- _Assigned task_: When you reach a picture, skip it, and retype every line below exactly.

- _Dataset section_:
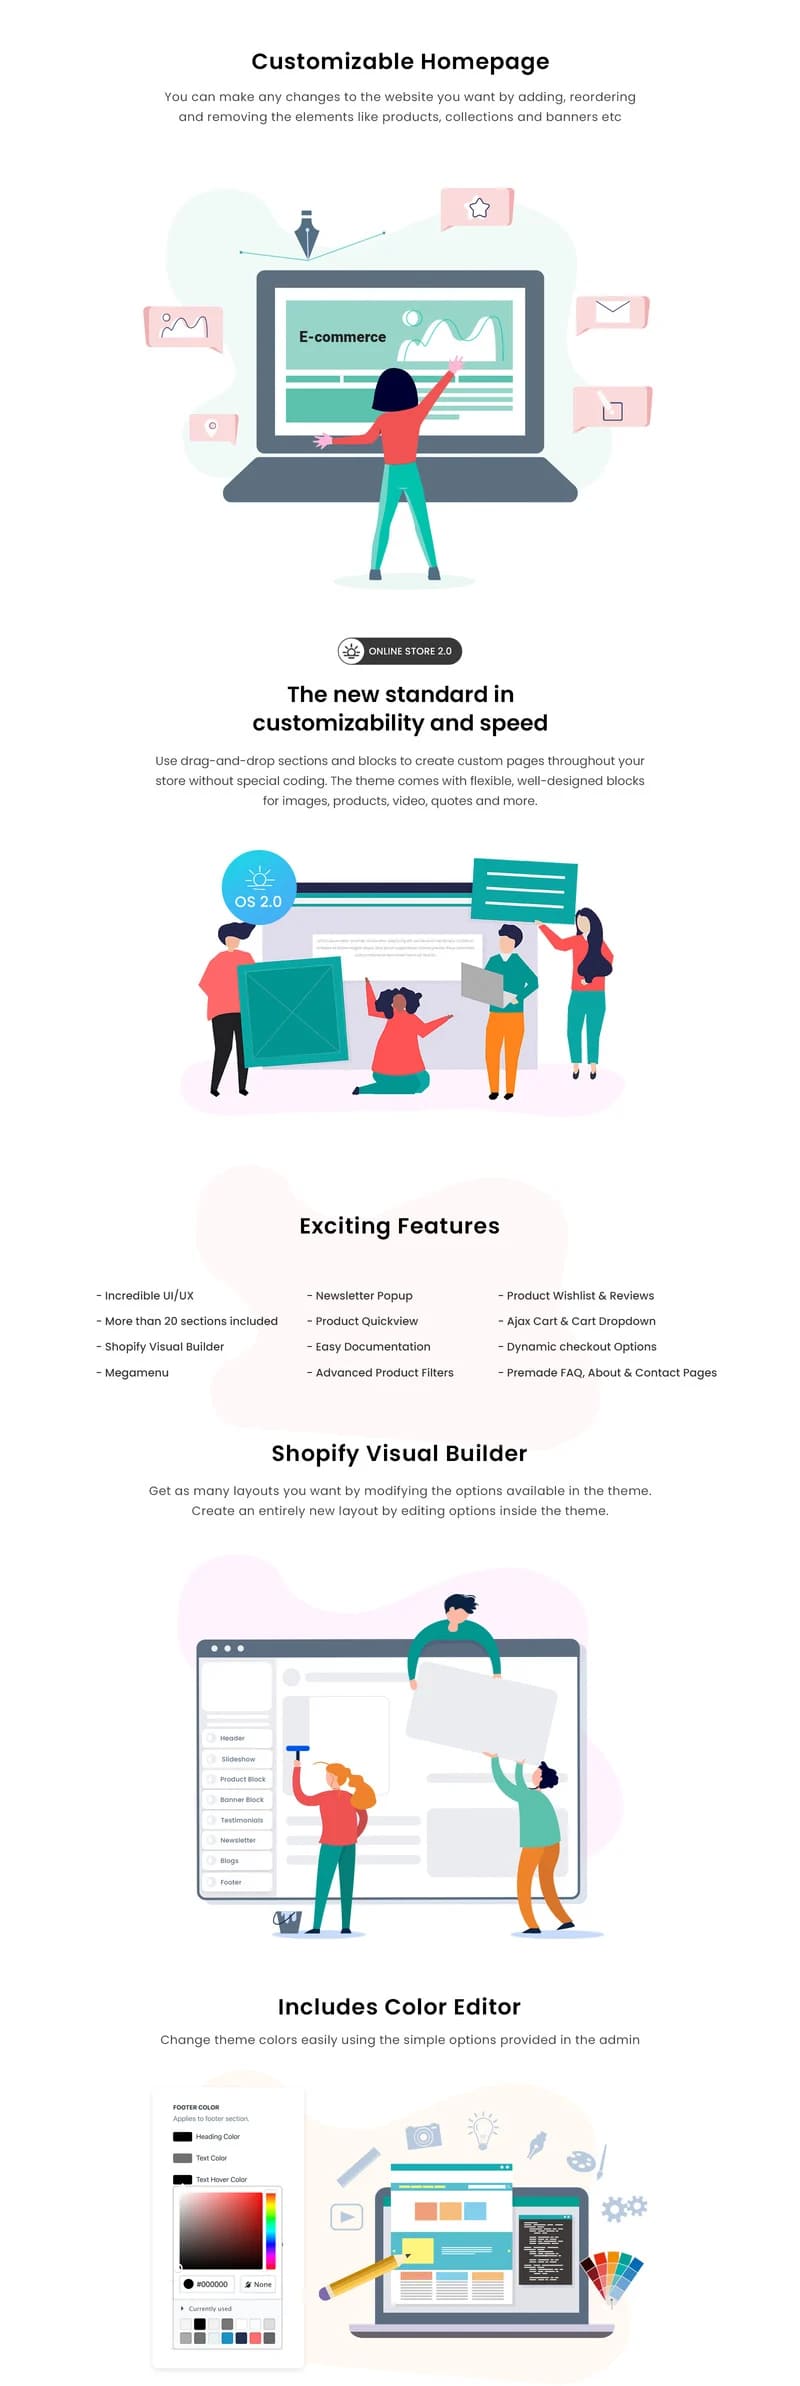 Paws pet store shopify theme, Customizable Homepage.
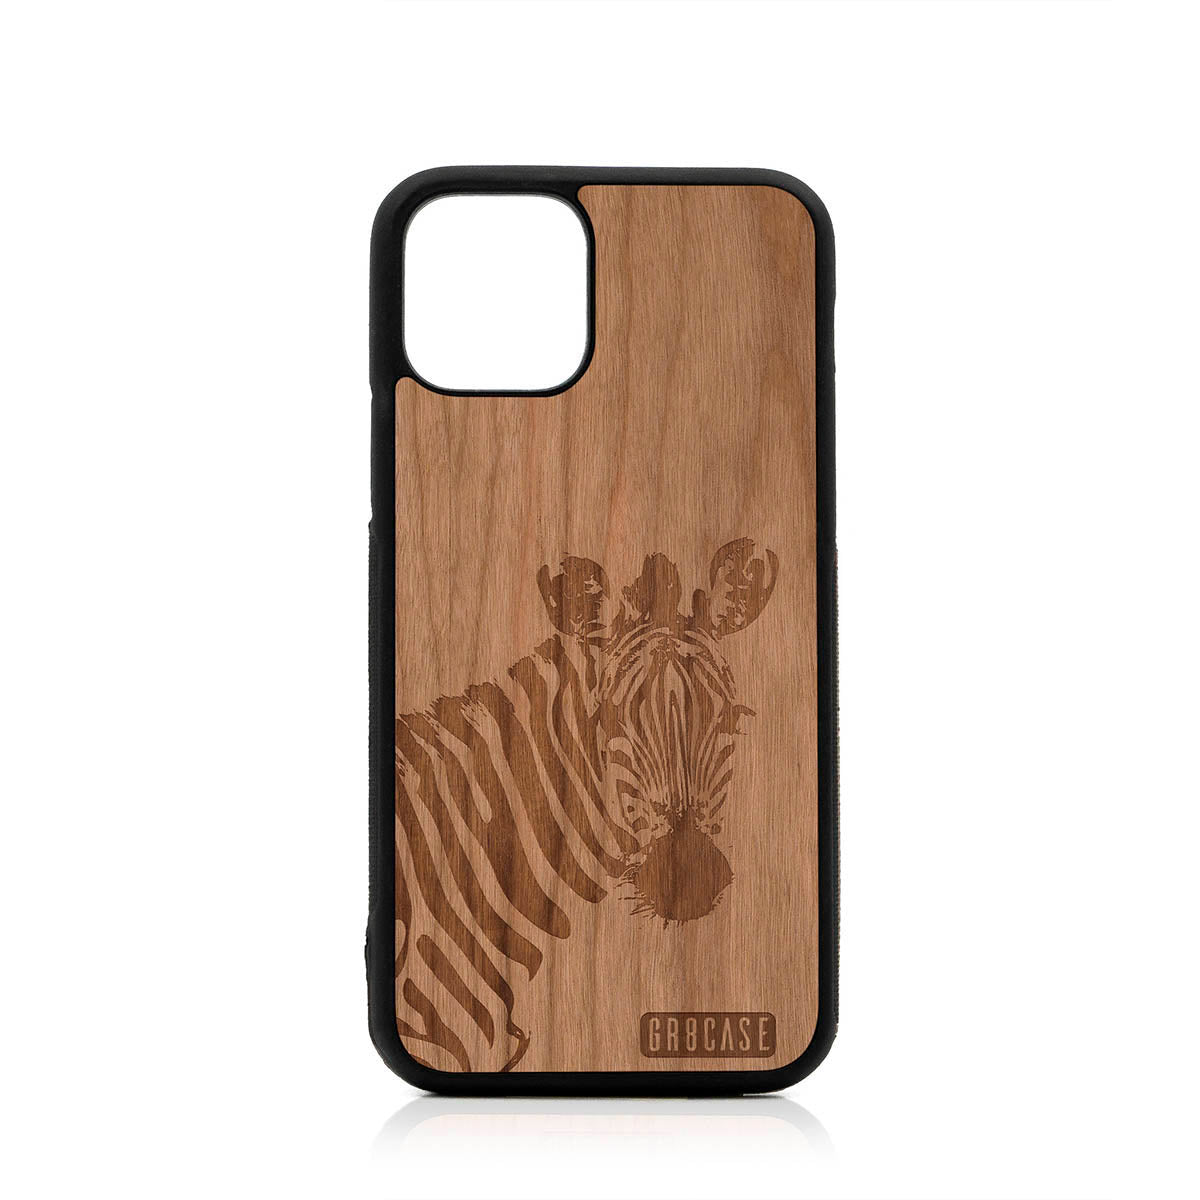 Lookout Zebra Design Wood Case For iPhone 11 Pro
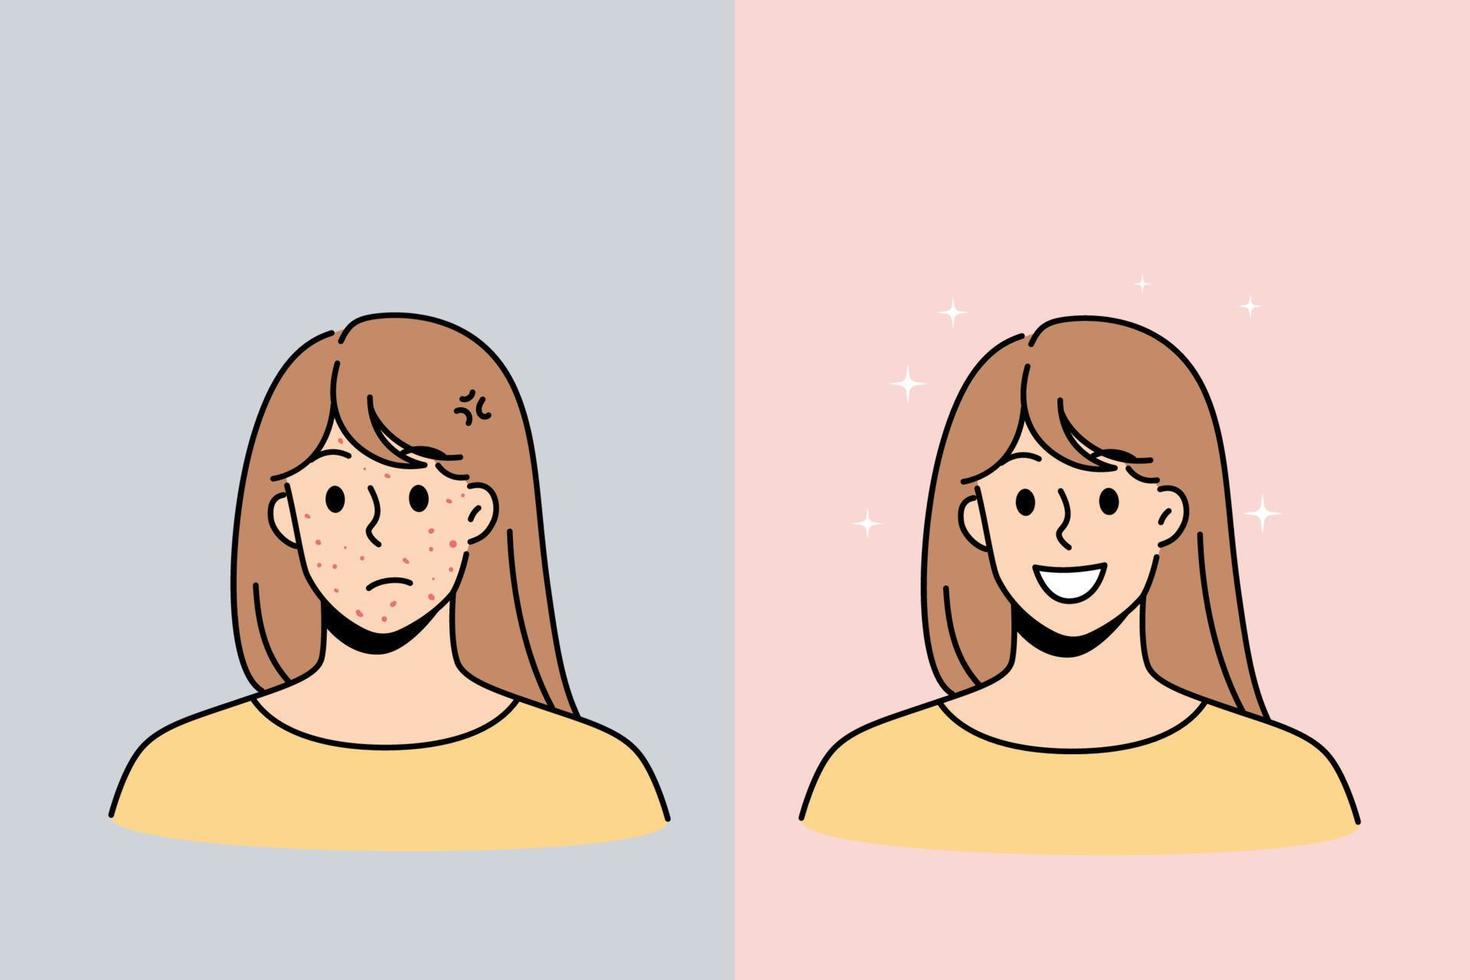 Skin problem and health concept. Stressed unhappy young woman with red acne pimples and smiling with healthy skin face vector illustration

- _Written response_:
 Paws pet store shopify theme, Customizable Homepage.
 Lookout Zebra Design Wood Case For iPhone 11 Pro
 Skin problem and health concept. Stressed unhappy young woman with red acne pimples and smiling with healthy skin face vector illustration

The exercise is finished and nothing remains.